I have created an application that does the following:
Each file is ~212k, so over all i have ~300Gb of data. It looks like the entire process takes ~40 days ...a ll the calculations are serial (each calculation is dependent on the one before), so i can't parallel this process to different CPUs or PCs. ... pretty sure the most of the overhead goes to file system access ... Every time i access a file i open a handle to it and then close it once i finish reading the data.

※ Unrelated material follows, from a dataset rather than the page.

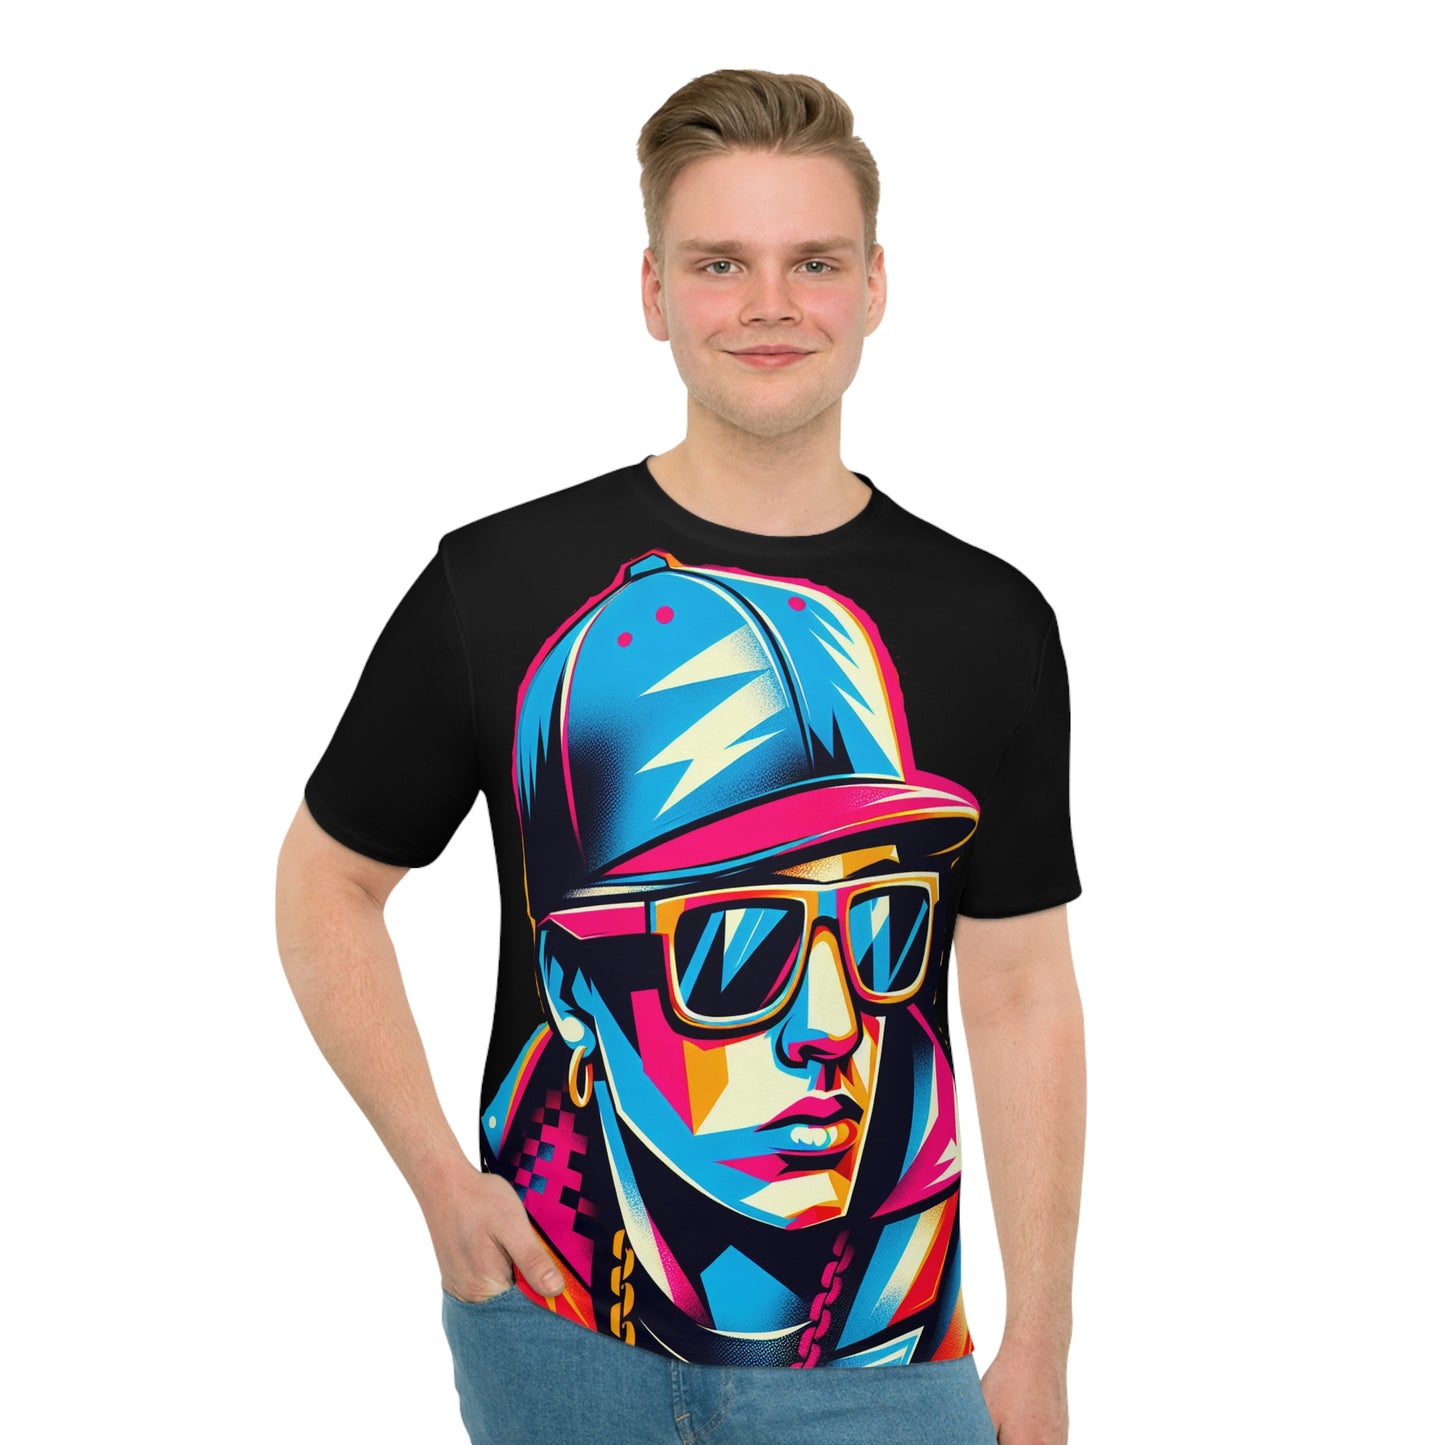 Neon Pop Art Men's T-shirt

Writing data 300GB of data serially might take 40 minutes, only a tiny fraction of 40 days. Disk write performance shouldn't be an issue here.
Your idea of opening the file only once is spot-on. Probably closing the file after every operation is causing your processing to block until the disk has completely written out all the data, negating the benefits of disk caching.
My bet is the fastest implementation of this application will use a memory-mapped file, all modern operating systems have this capability. It can end up being the simplest code, too. You'll need a 64-bit processor and operating system, you should not need 300GB of RAM. Map the whole file into address space at one time and just read and write your data with pointers.
What about using SQLite? I think you can get away with a single table.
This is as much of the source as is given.